Academic Contribution: Provides important benchmark for LLM integration in operating systems
Practical Value: Demonstrates feasibility of open-source solutions, promoting technology democratization
Future-Oriented: Indicates direction for next-generation human-computer interaction interface design

Applicable Scenarios

Privacy-Sensitive Environments: Enterprise and personal applications requiring local processing
Resource-Constrained Devices: Mobile devices and edge computing scenarios
Customization Requirements: Professional domains requiring specific functional optimization
Research Prototypes: Academic research and proof-of-concept systems

References

This paper cites 38 important references covering Transformer architecture, LLM applications, code generation, human-computer interaction, AI safety, and other related research domains, providing a solid theoretical foundation for the research.

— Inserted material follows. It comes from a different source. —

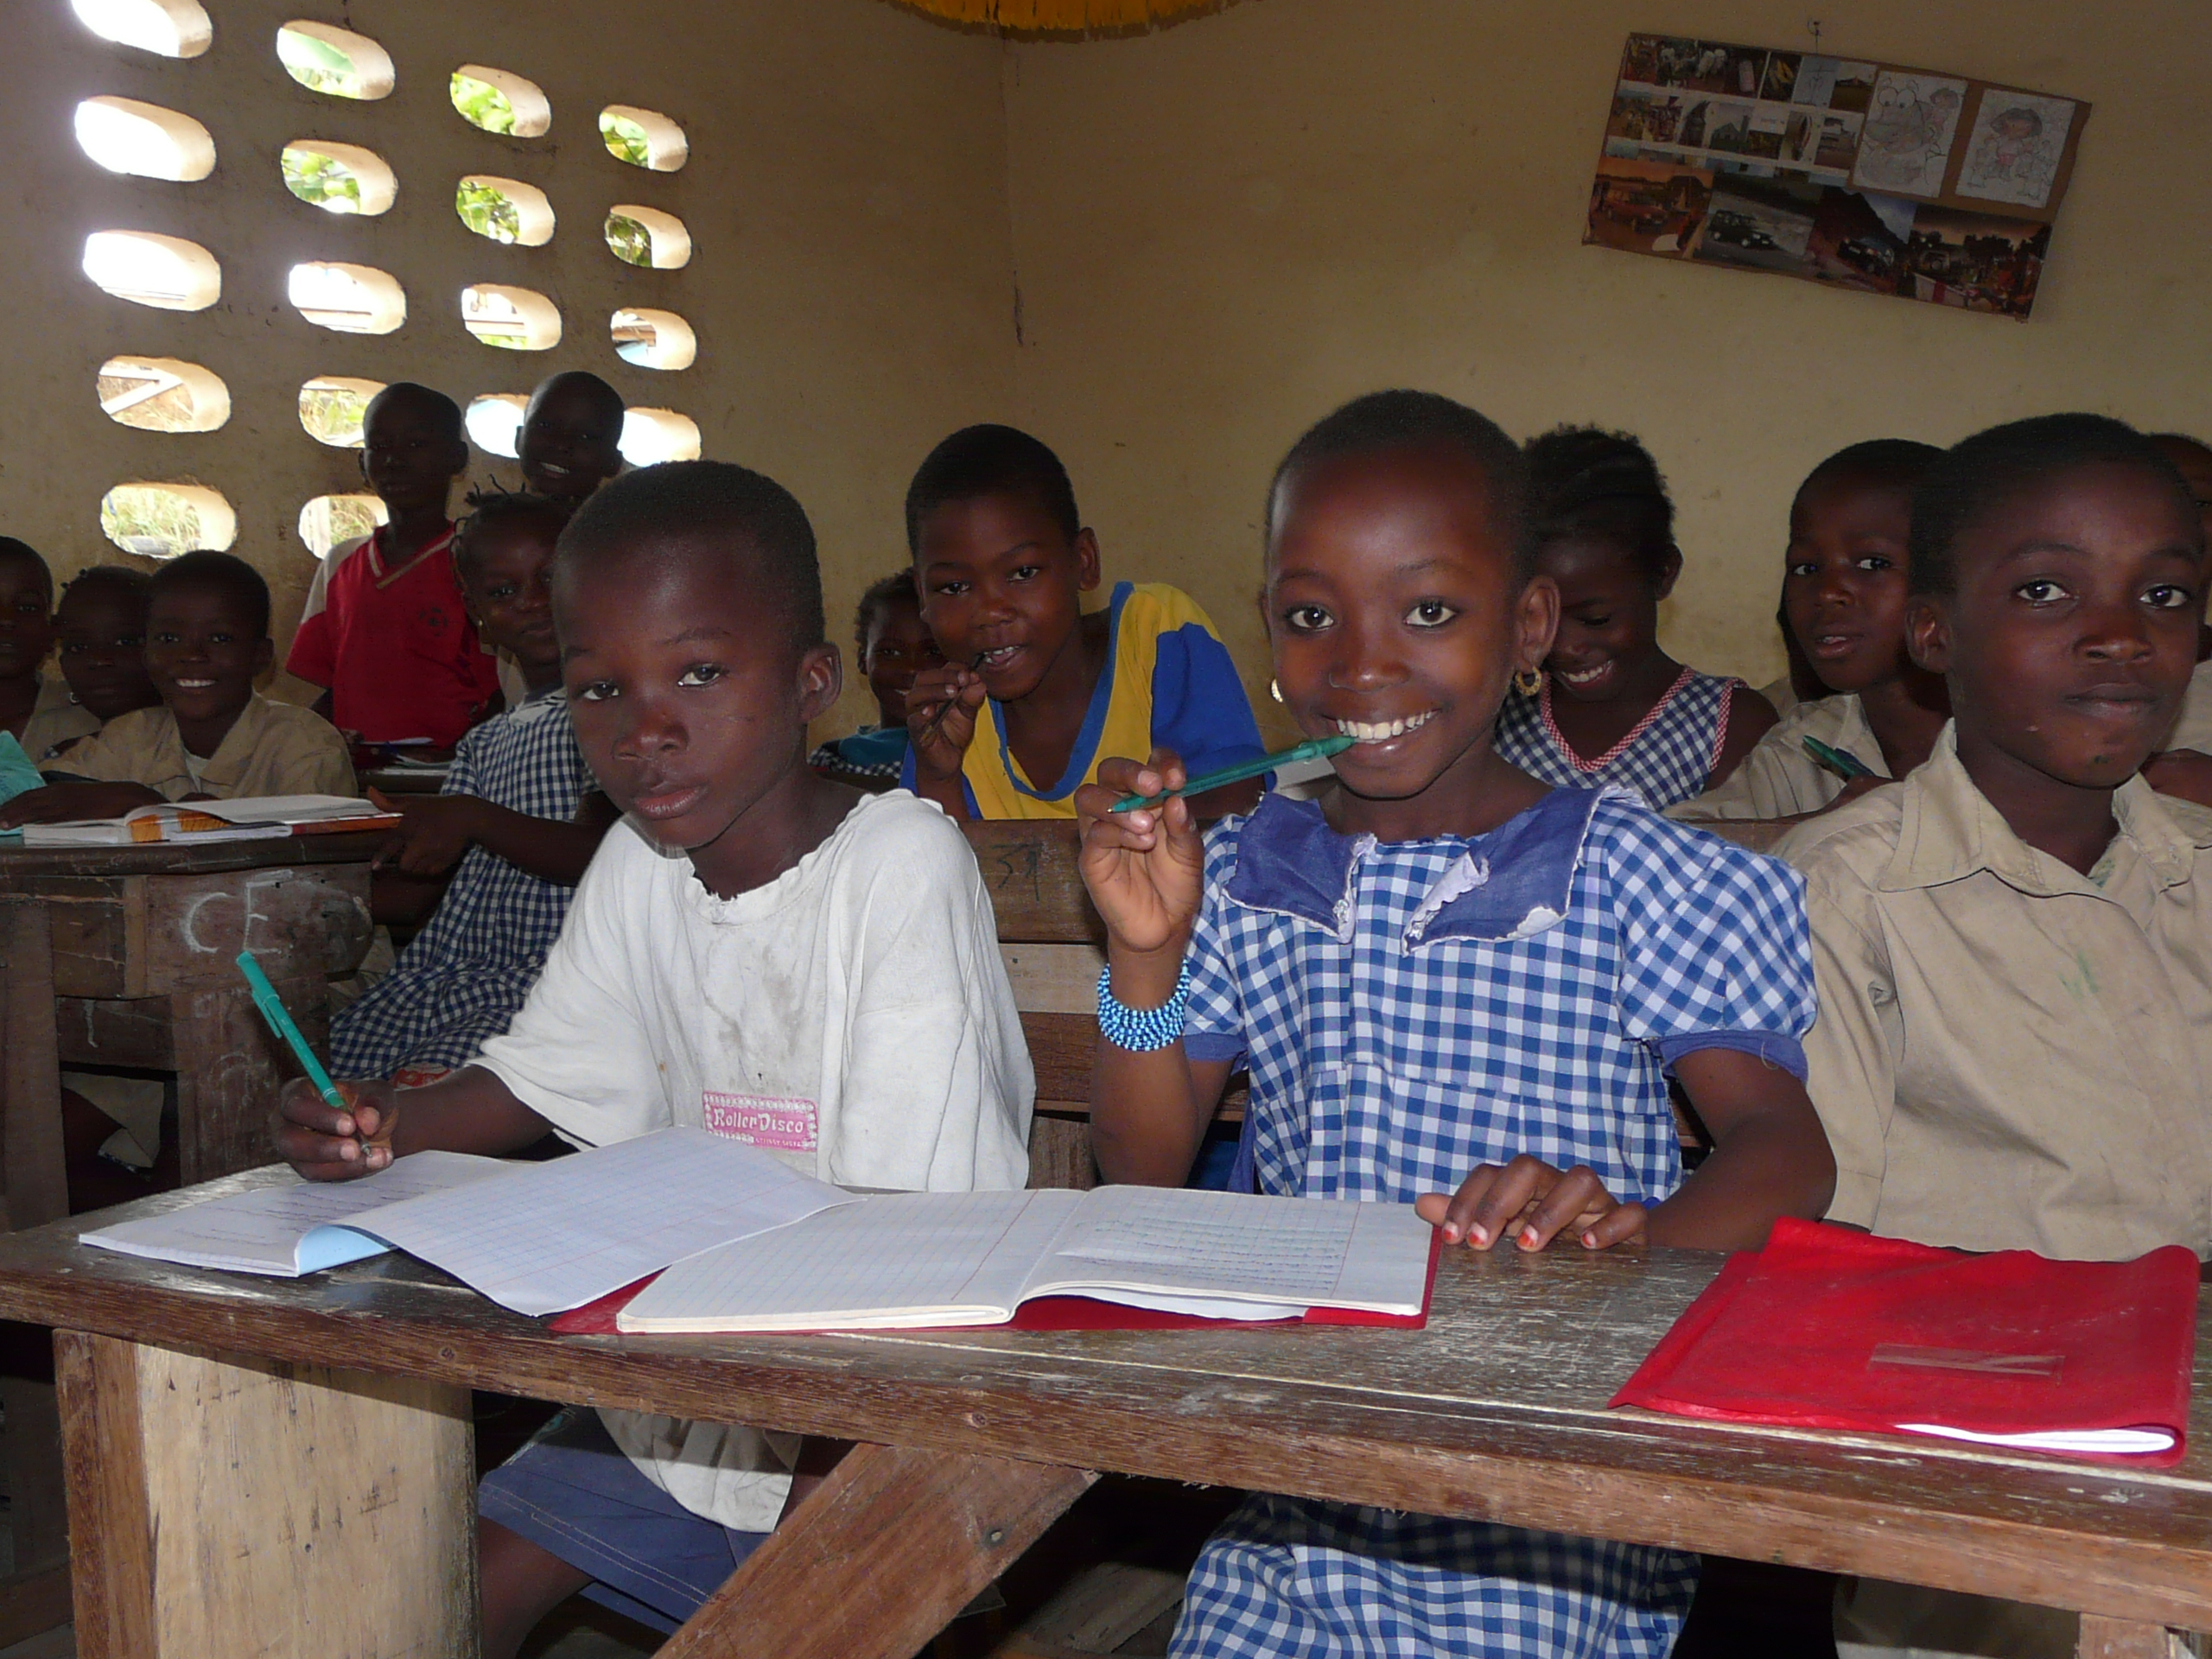 Cote d'Ivoire – Les TIC bientôt enseignés à l’école primaire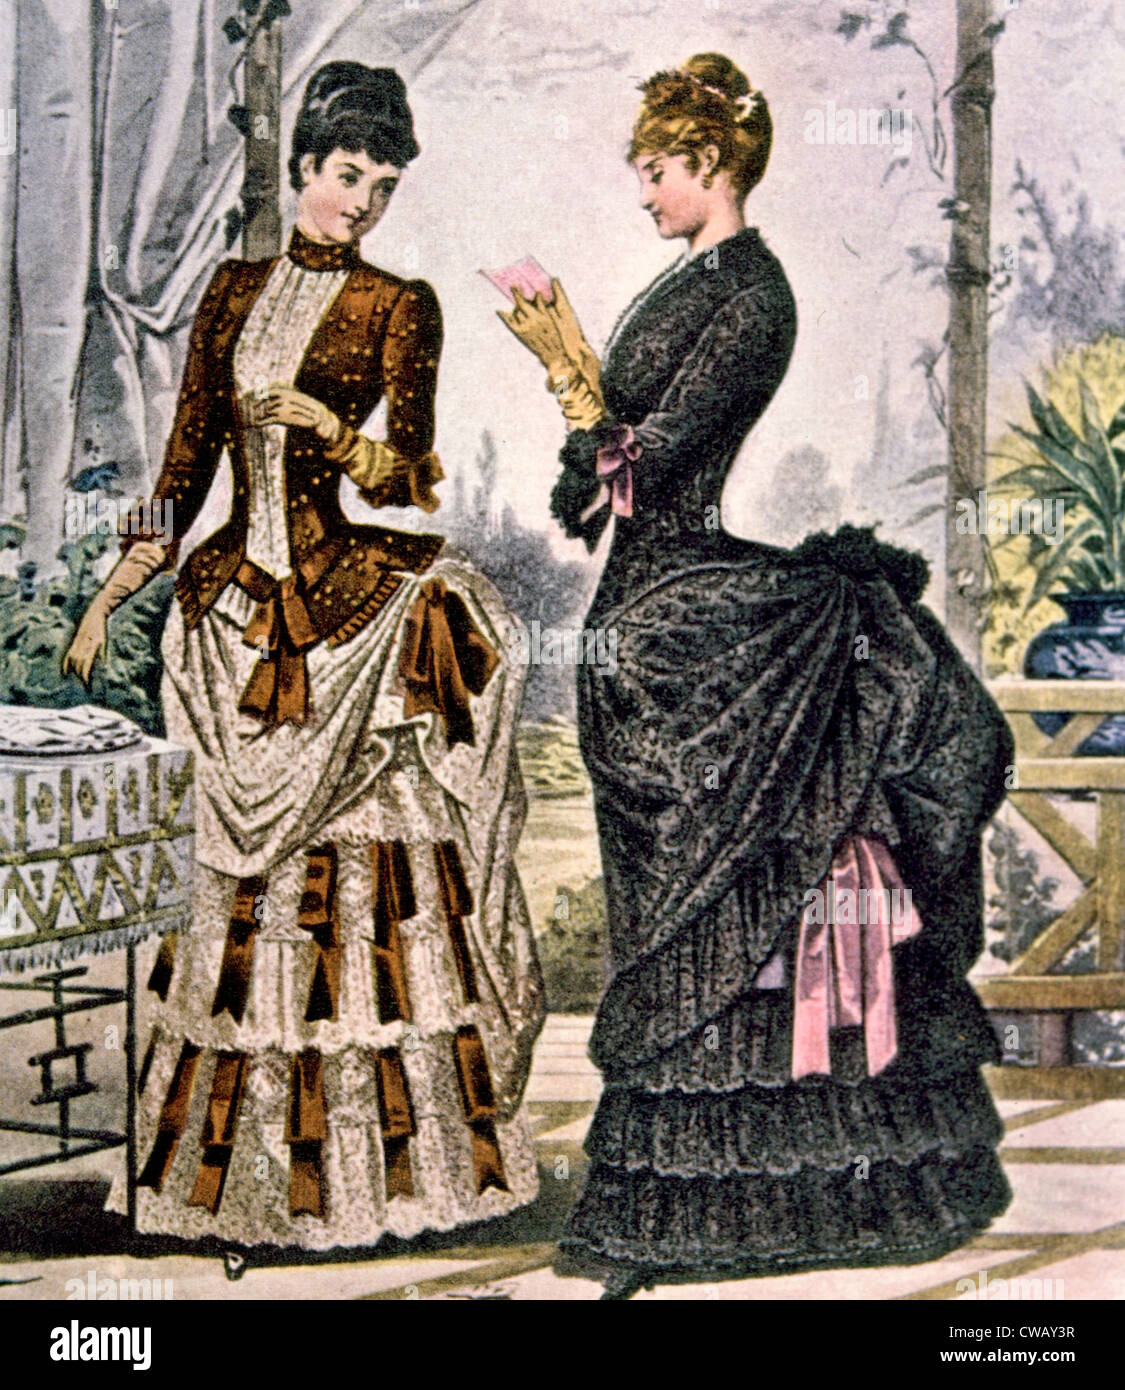 Zwei Frauen treiben Kleider, ca. 1880 s tragen. Foto: Courtesy Everett Collection Stockfoto

Overall Assessment: This is a forward-looking and practically valuable research paper that systematically evaluates open-source LLMs' application potential in future operating systems for the first time. While presenting certain limitations in experimental scale and security analysis, its research conclusions hold significant importance for promoting AI technology democratization and advancing next-generation human-computer interaction interface development.